→ **Task instructions**: The material below holds pictures; leave them out and reproduce exactly the lines from the one with "Pablo Picasso exhibition" through the one with "Rare Picasso lithographic", inclusive.

→ **Data**:
==================================================
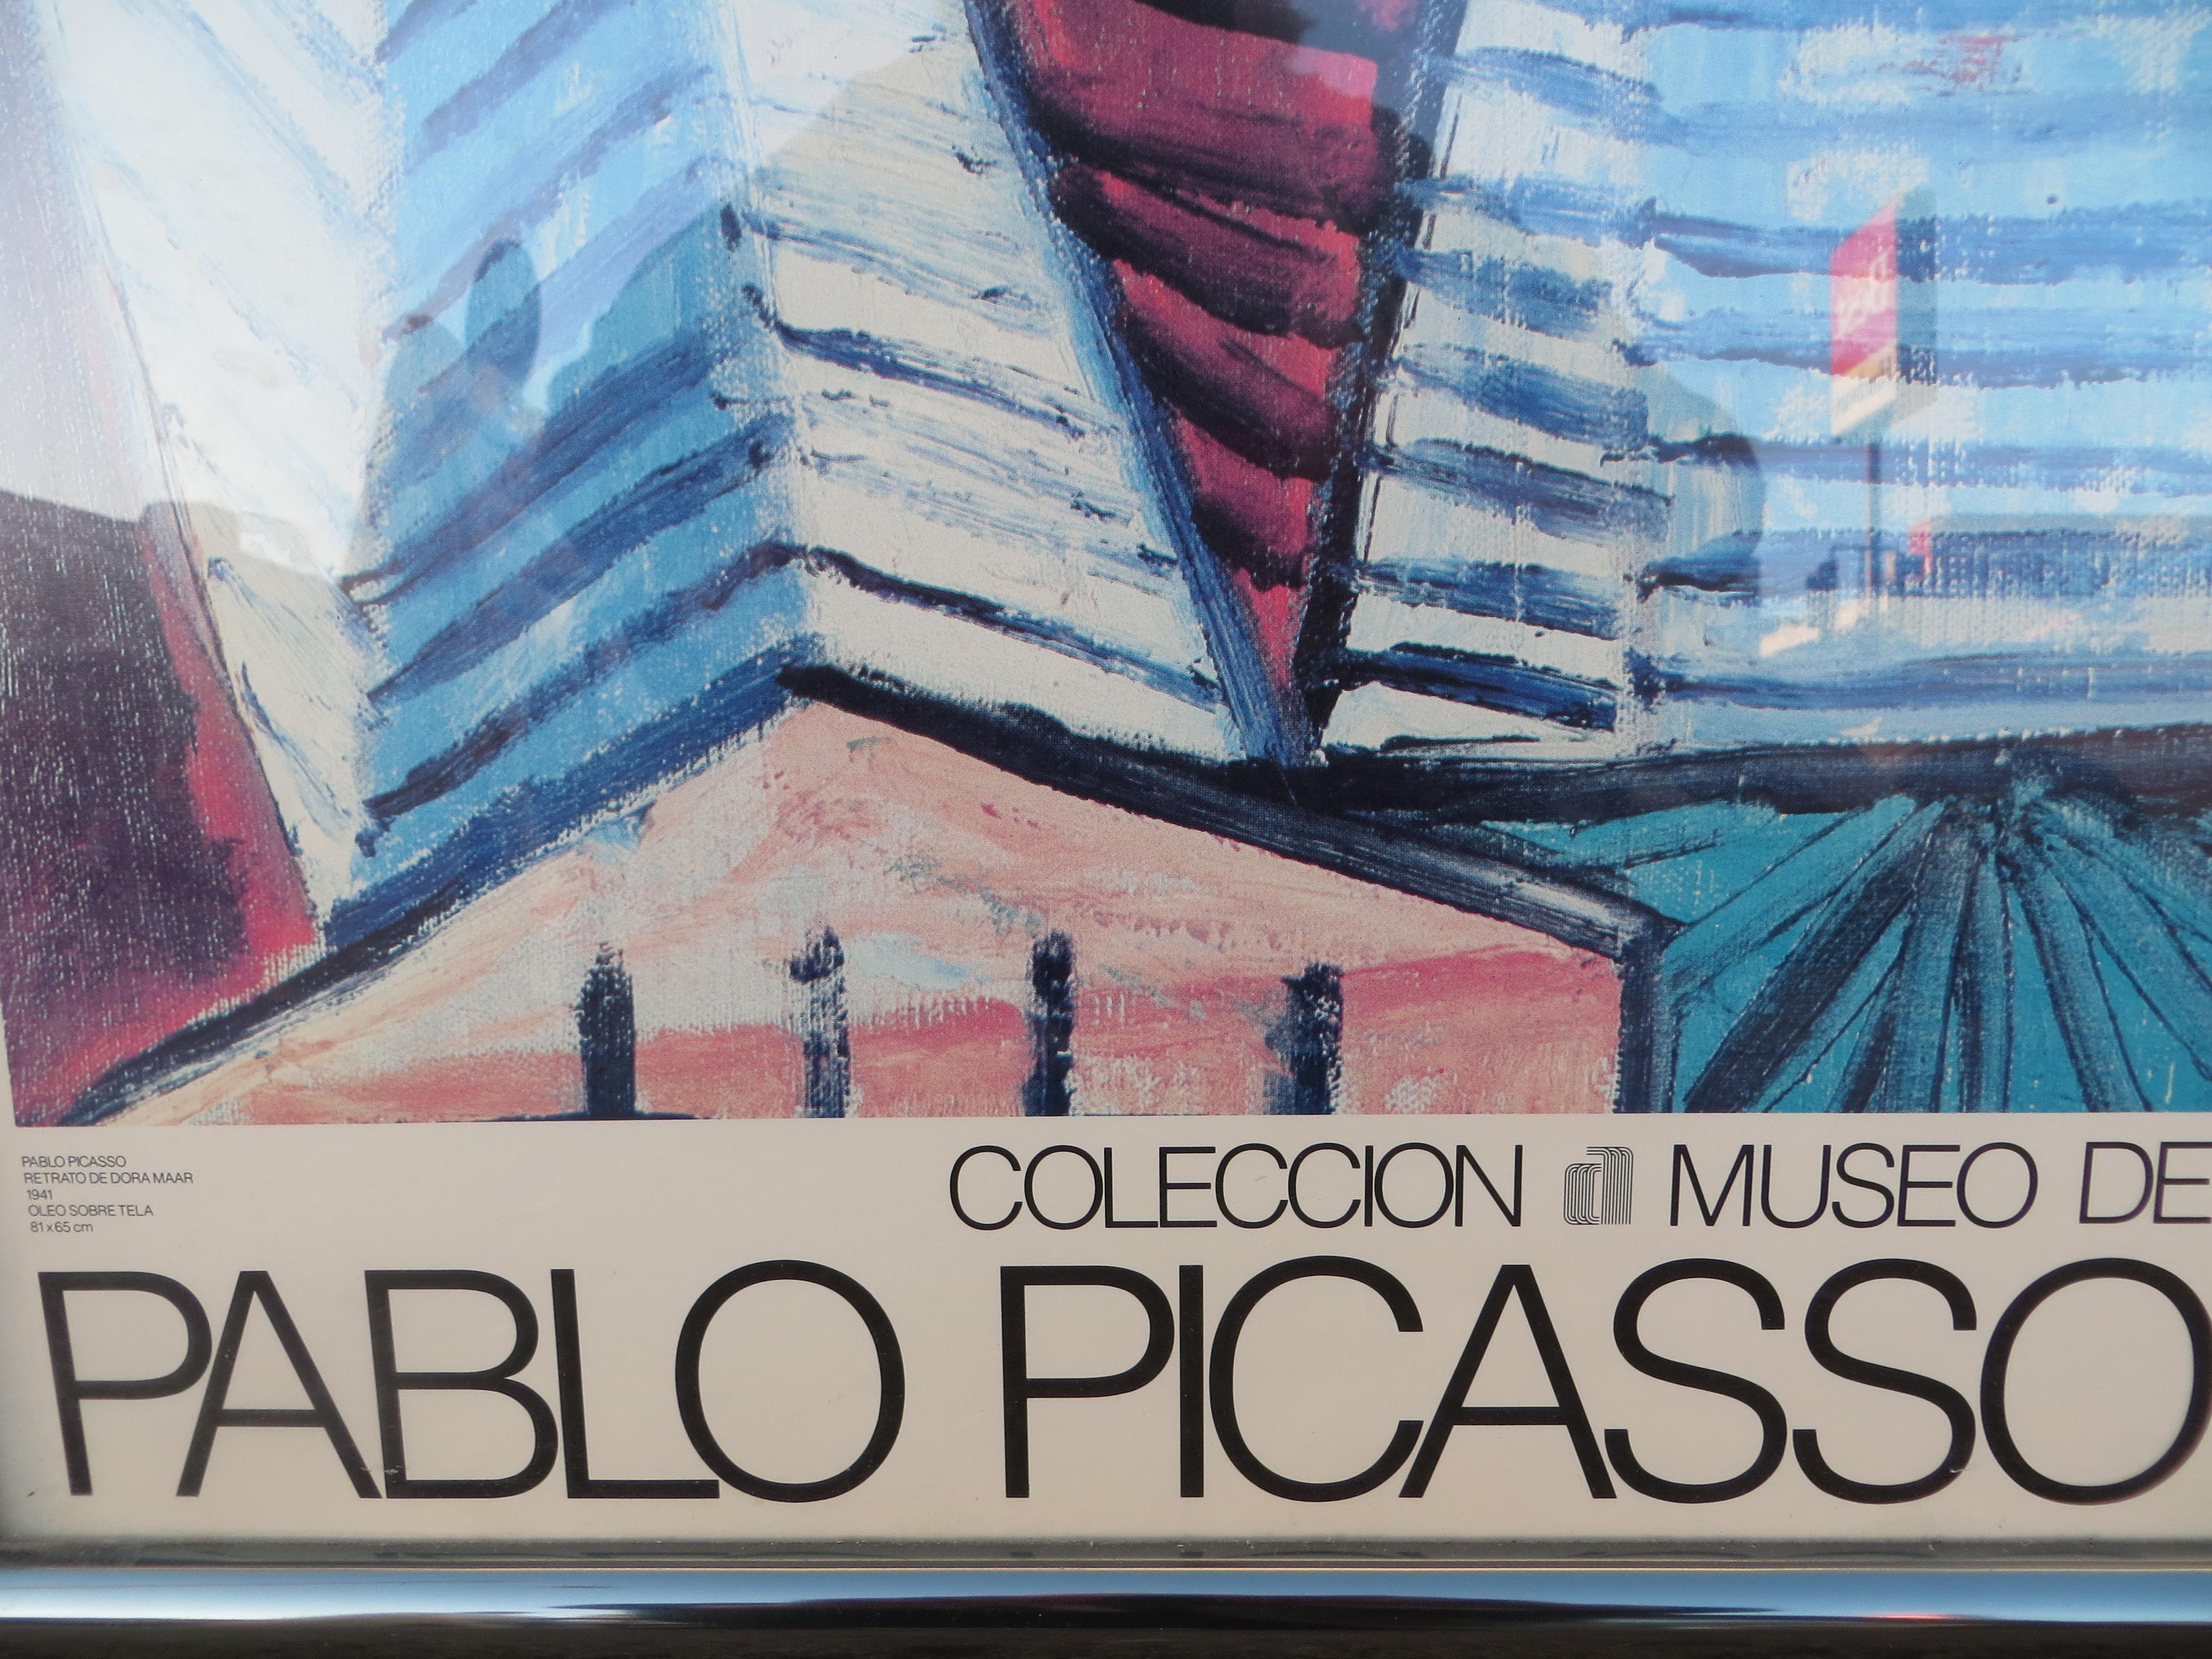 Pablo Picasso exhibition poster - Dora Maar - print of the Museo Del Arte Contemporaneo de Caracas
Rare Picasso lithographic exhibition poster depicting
==================================================
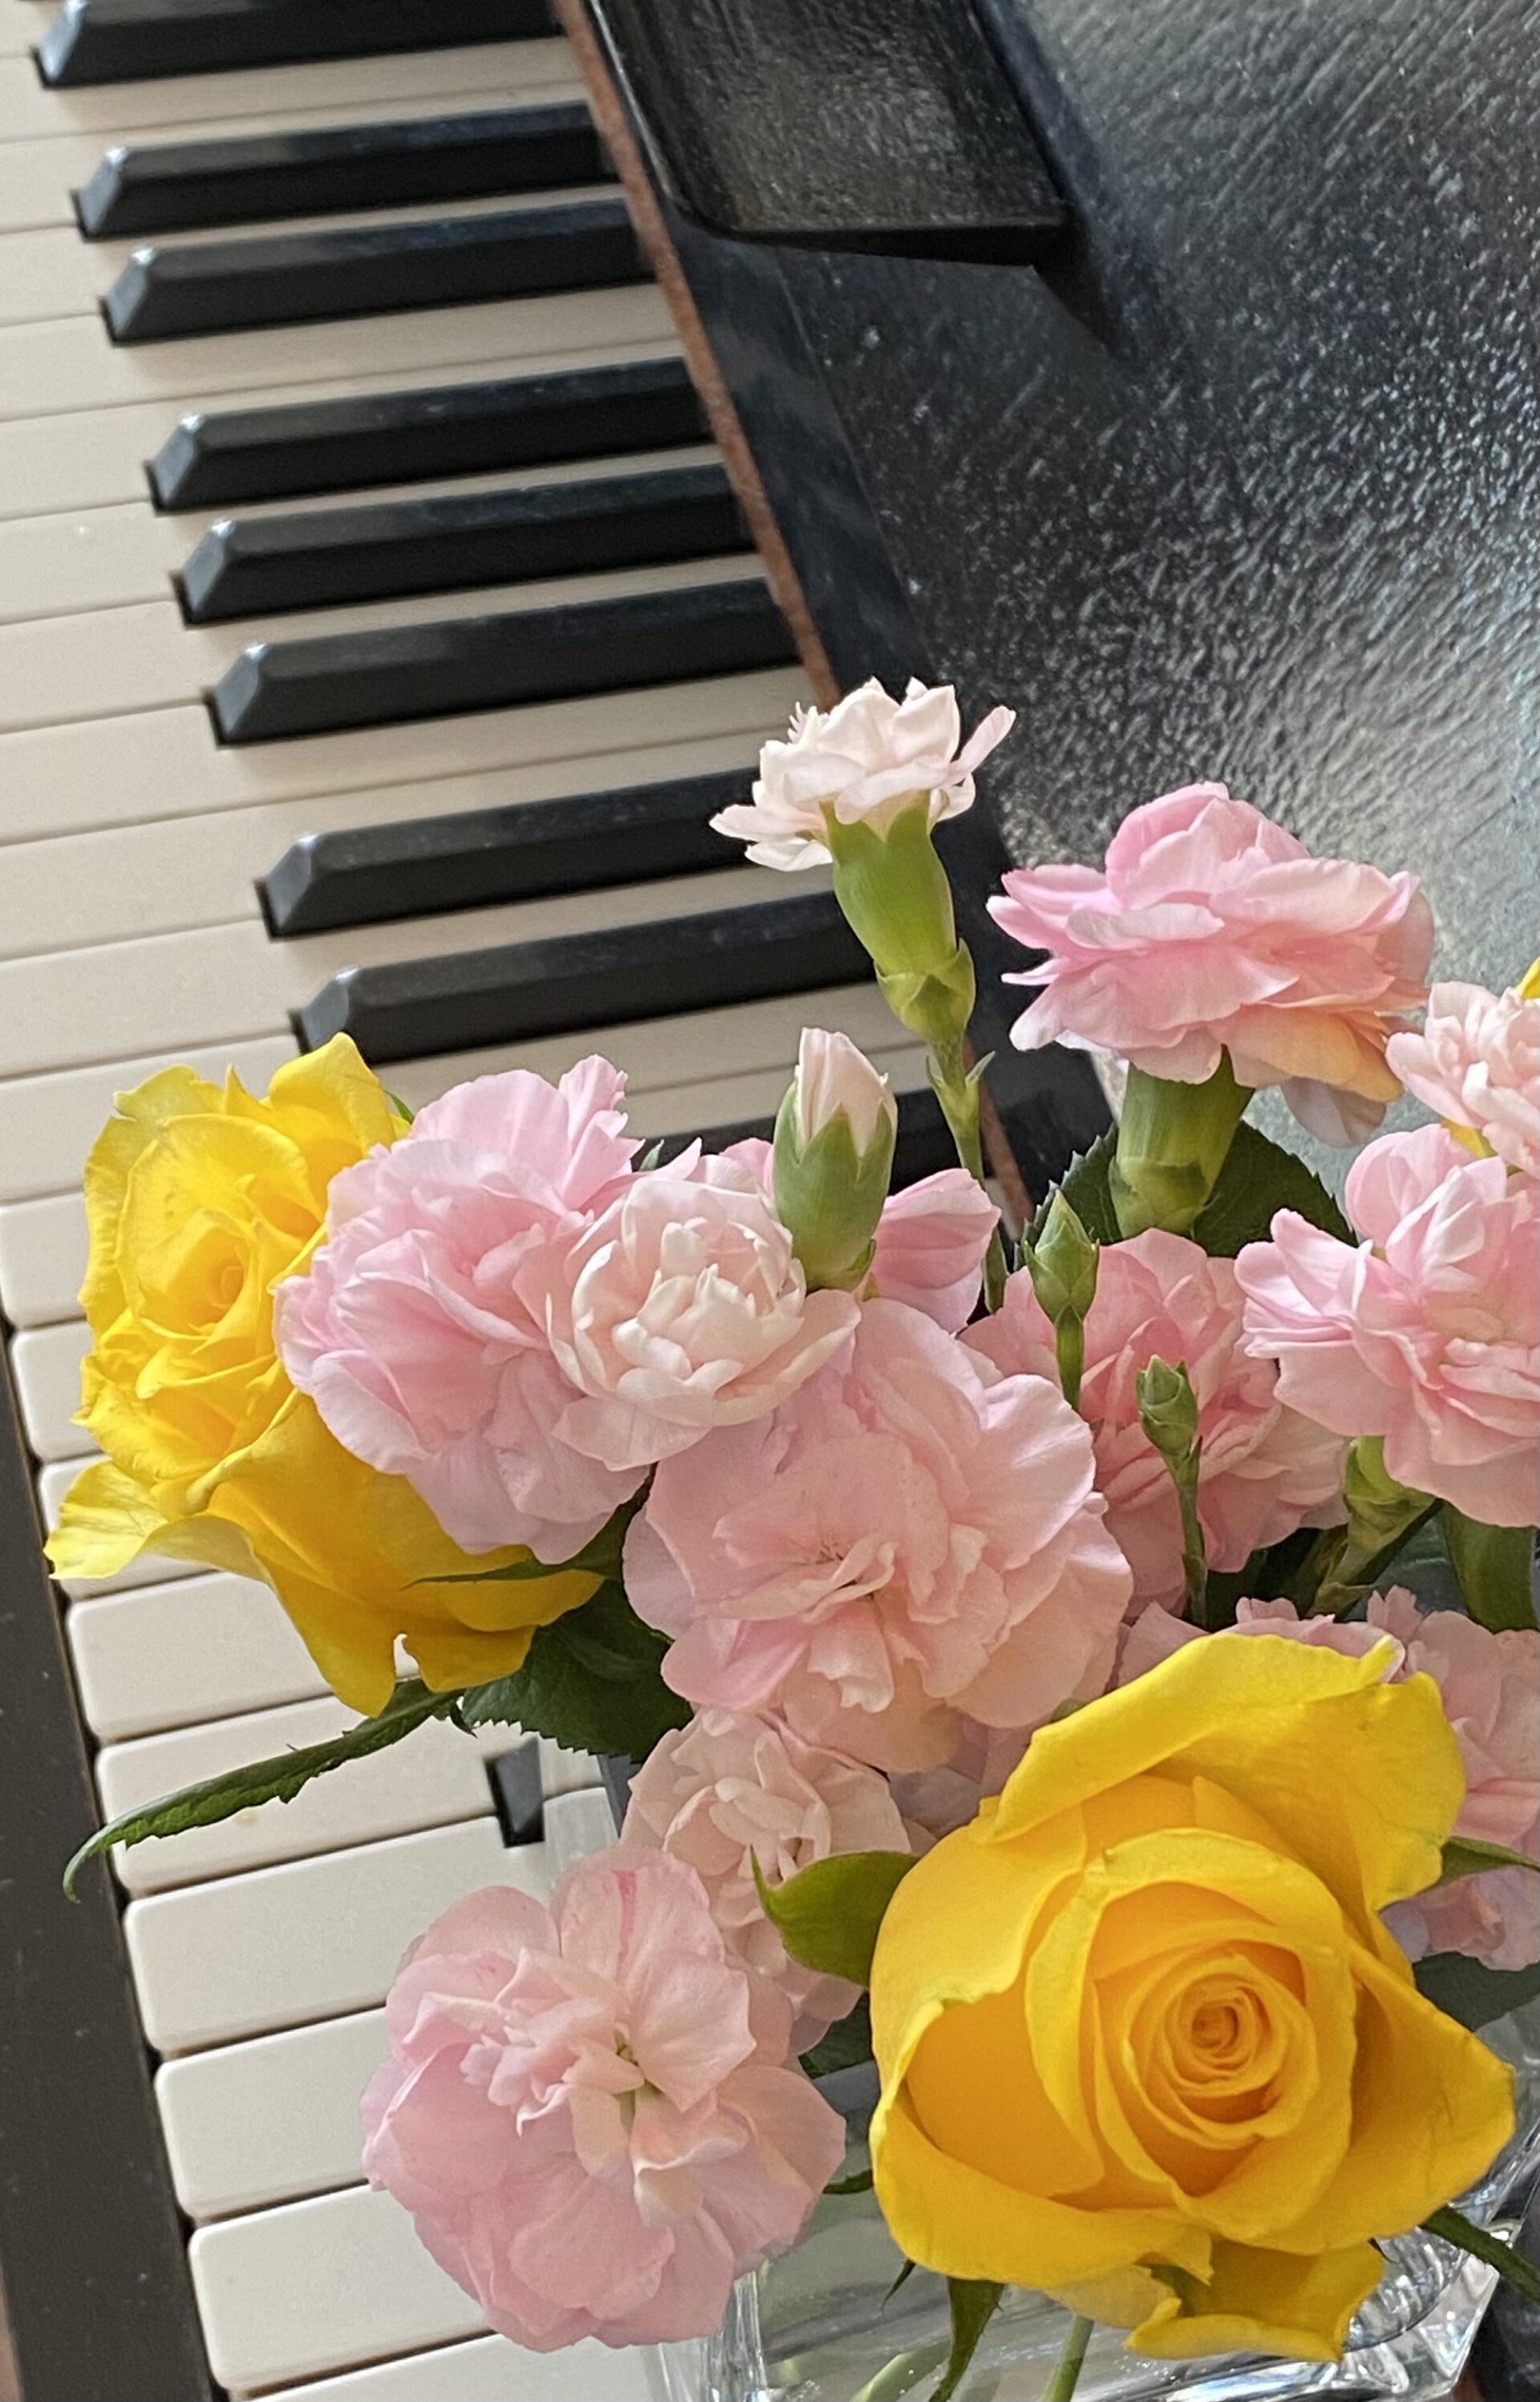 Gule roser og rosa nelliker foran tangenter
==================================================
→ **Answer section**:
 Pablo Picasso exhibition poster - Dora Maar - print of the Museo Del Arte Contemporaneo de Caracas
Rare Picasso lithographic exhibition poster depicting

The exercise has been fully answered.